The claims in this case simply do not fit within the "narrow category"of state law claims that, under Grable & Sons, raise a federal issue sufficient to confer jurisdiction under 28 U.S.C. § 1331.
2. Complete Preemption
A case is not removable based upon a defense of ordinary preemption. However, the exercise of federal question jurisdiction is appropriate where the doctrine of complete preemption applies. That doctrine provides that when "an area of state law is completely preempted, any claim purportedly based on that preempted state law is considered, from its inception, a federal claim, and therefore arises under federal law." Caterpillar Inc. v. Williams, 482 U.S. 386, 393 (1987). Complete preemption applies "when the court has concluded that the preemptive force of a statute is so 'extraordinary' that it 'converts an ordinary state common-law complaint into one stating a federal claim for purposes of the well-pleaded complaint rule.'" Kline v. Sec. Guards, Inc., 386 F.3d 246, 252 (3d Cir. 2004) (quoting Caterpillar Inc., 482 U.S. at 393).
In the Third Circuit, "complete preemption" exists only where (1) the federal statute that completely preempts the state includes "civil enforcement provisions within the scope of which the plaintiff's state claim falls" and (2) there is "a clear indication of a Congressional intention to permit removal despite the plaintiff's exclusive reliance on state law." Goepel v. Nat'l Postal Mail Handlers Union, 36 F.3d 306, 311 (3d Cir. 1994).
Neither prong of the Goepel test is met in this case.
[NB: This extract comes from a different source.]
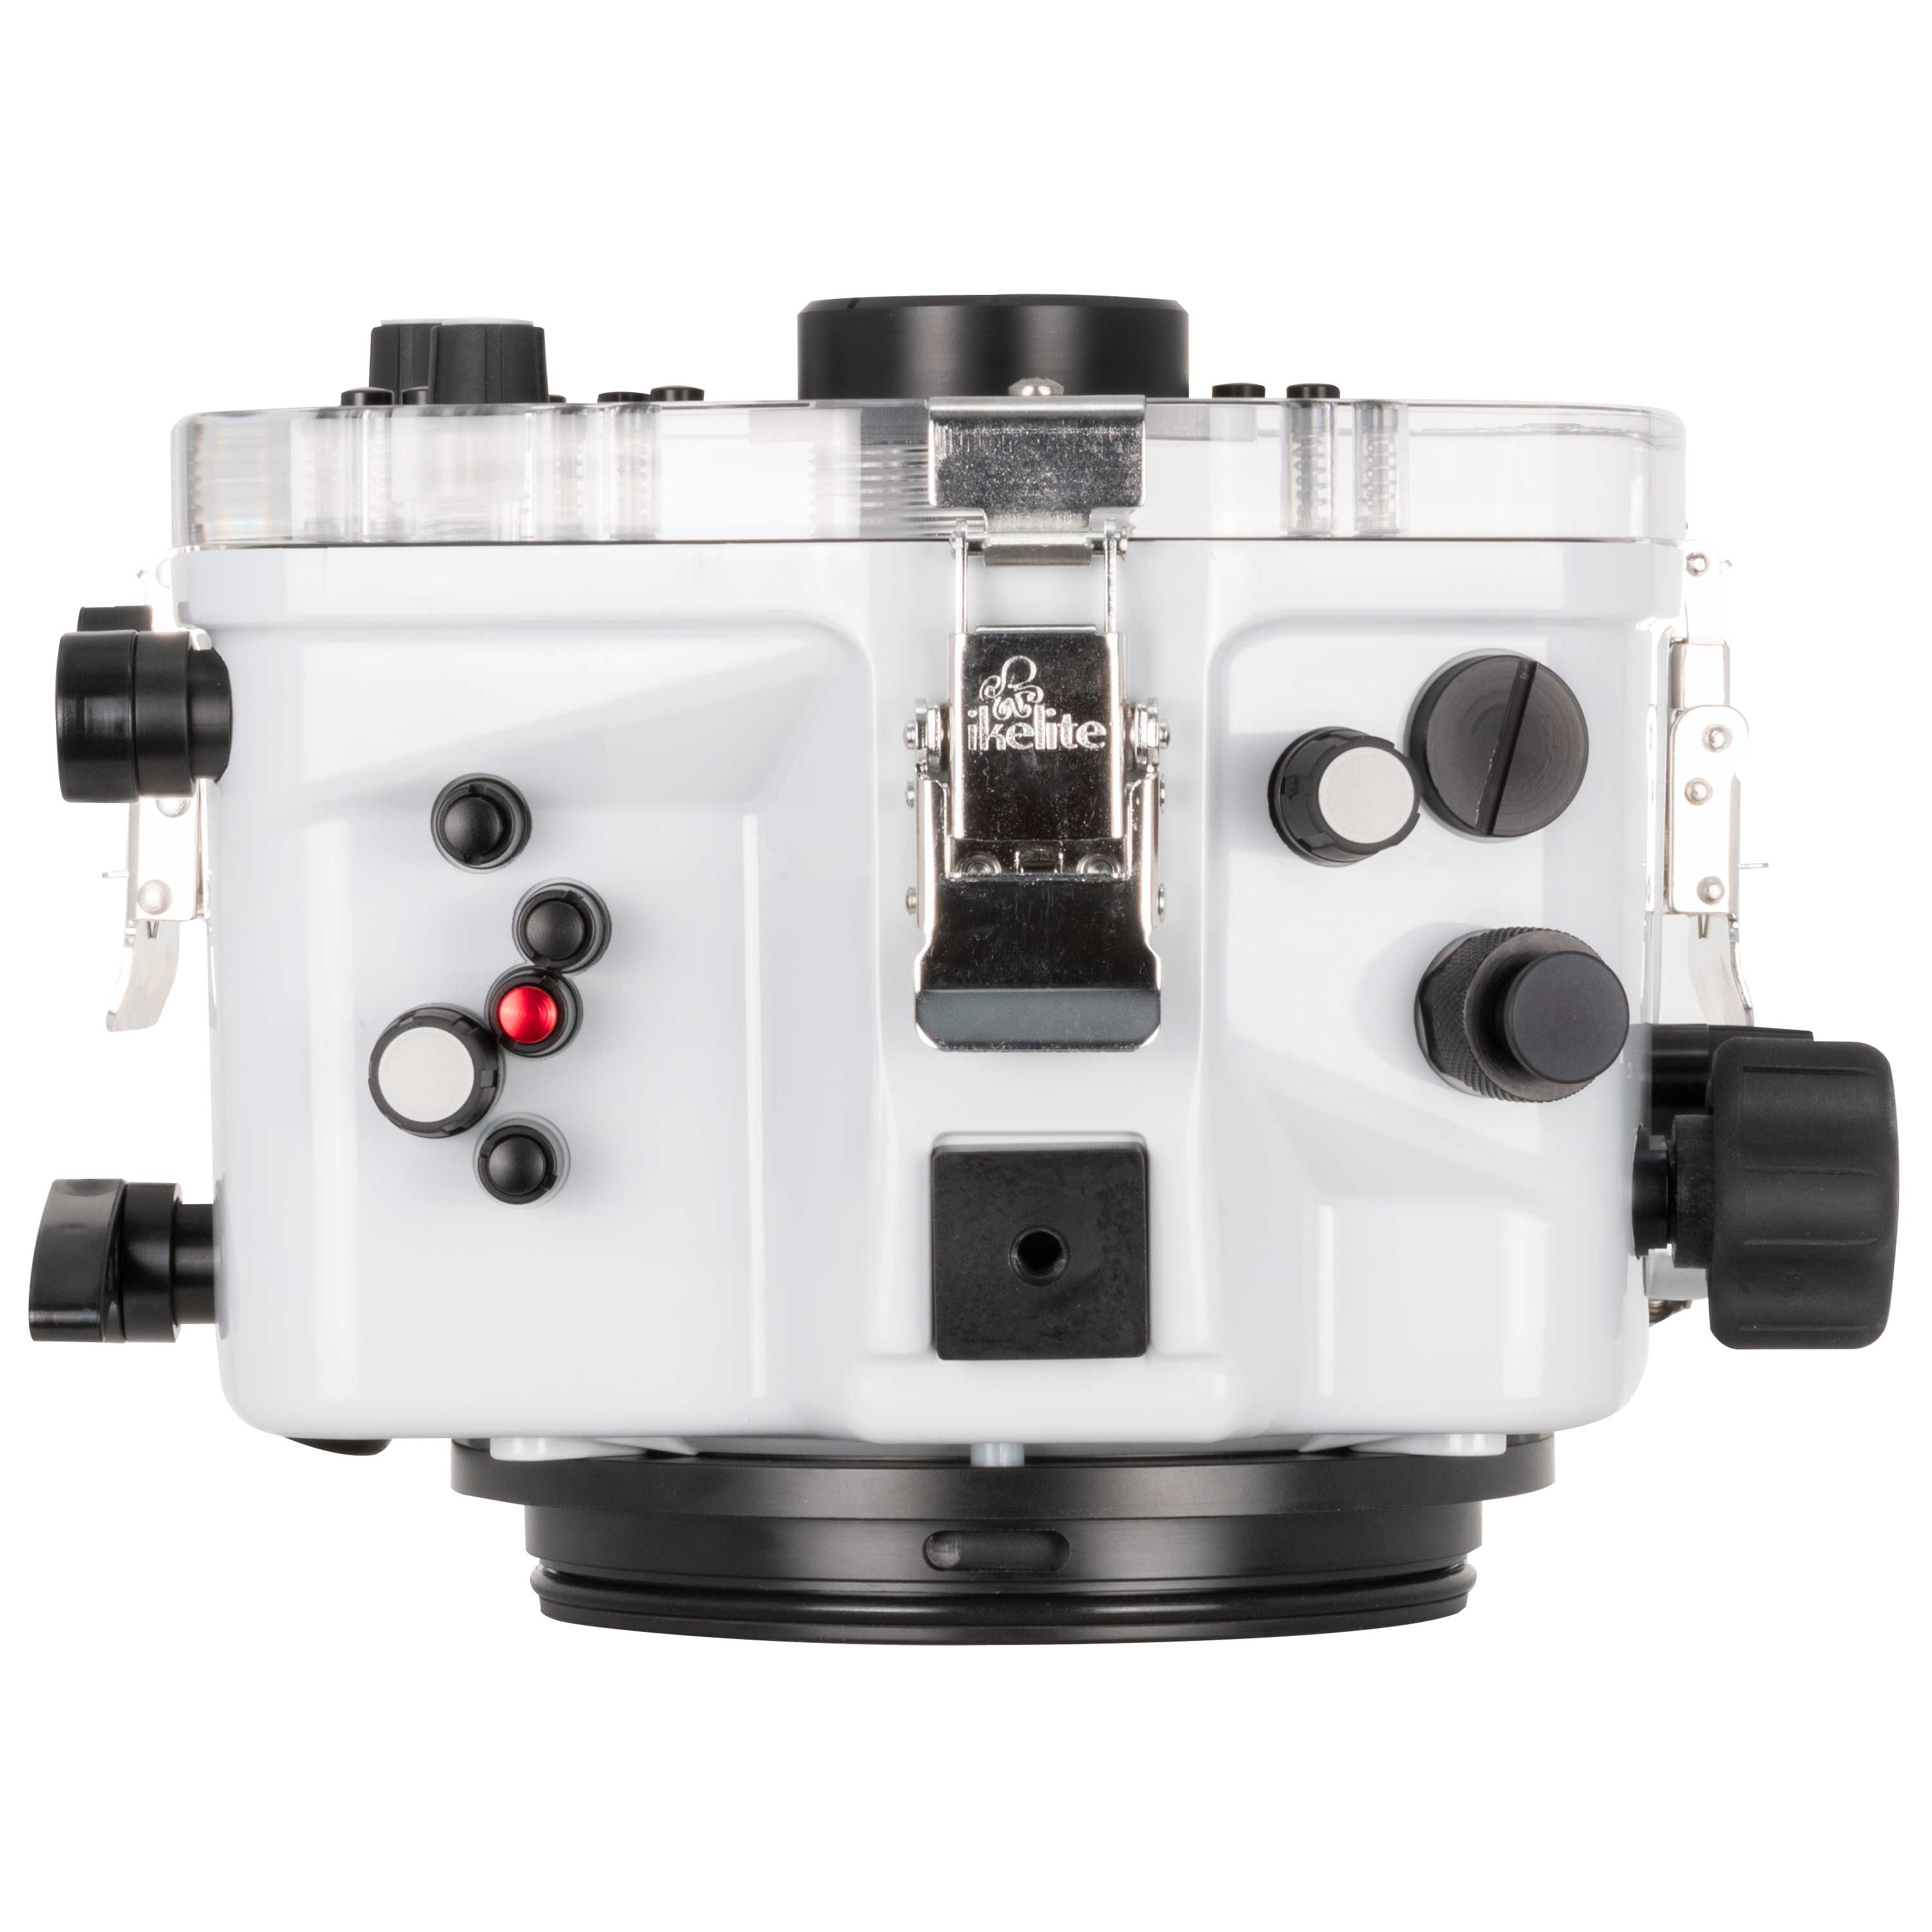 Ikelite 200DL Underwater Housing for Canon EOS R5 Mirrorless Digital Camera

First, the FDCA does not contain civil enforcement provisions that address plaintiff's state-law claims. See In re Orthopedic Bone Screw Prods. Liab. Litig., 193 F.3d 781, 788 (3d Cir. 1999) ("It is well settled... that the FDCA creates no private right of action."). Second, as another judge in this district has commented:
While it is true that the FDCA provides some administrative remedies for an aggrieved user of an FDA-approved product to bring an action against the FDA for enforcement of the FDCA, these procedures are not aimed at third parties, such as the defendants here, and are thus insufficient to evince the clear manifestation of congressional intent necessary to create removal jurisdiction.
Guckin v. Nagle, 259 F. Supp. 2d 406, 415 (E.D. Pa. 2003) (emphasis in original) (internal citations omitted).
The doctrine of complete preemption thus cannot provide the Court with jurisdiction over this case.
C. Proper Court for Remand: Philadelphia County or Bucks County
All three defendants argue that if the case is remanded to state court, it should be sent to the Court of Common Pleas of Bucks County, which, they assert, is the proper venue under Pennsylvania state law.
But the Court does not have this power. "'Remand' means 'send back.' It does not mean 'send elsewhere.' The only remand contemplated by the removal statute is a remand 'to the State court from which it was removed.'" Bloom v. Barry, 755 F.2d 356, 358 (3d Cir. 1985) (quoting 28 U.S.C. § 1447(d)); see also 14C Charles Alan Wright, Arthur R. Miller, Edward H. Cooper & Joan E. Steinman § 3739 (4th ed. 2009) ("Federal district judges do not have the authority to 'transfer' cases by remanding them to different courts within the same state, let alone to courts of another state, regardless of jurisdiction, venue, and efficiency considerations that might favor such an action.").
The only court to which the Court can remand this action is the one from which it was removed. Thus, the Court will remand the case to the Court of Common Pleas of Philadelphia County.
For the foregoing reasons, the Court does not have subject matter jurisdiction over this case and remands it to the Court of Common Pleas of Philadelphia County. An appropriate order follows.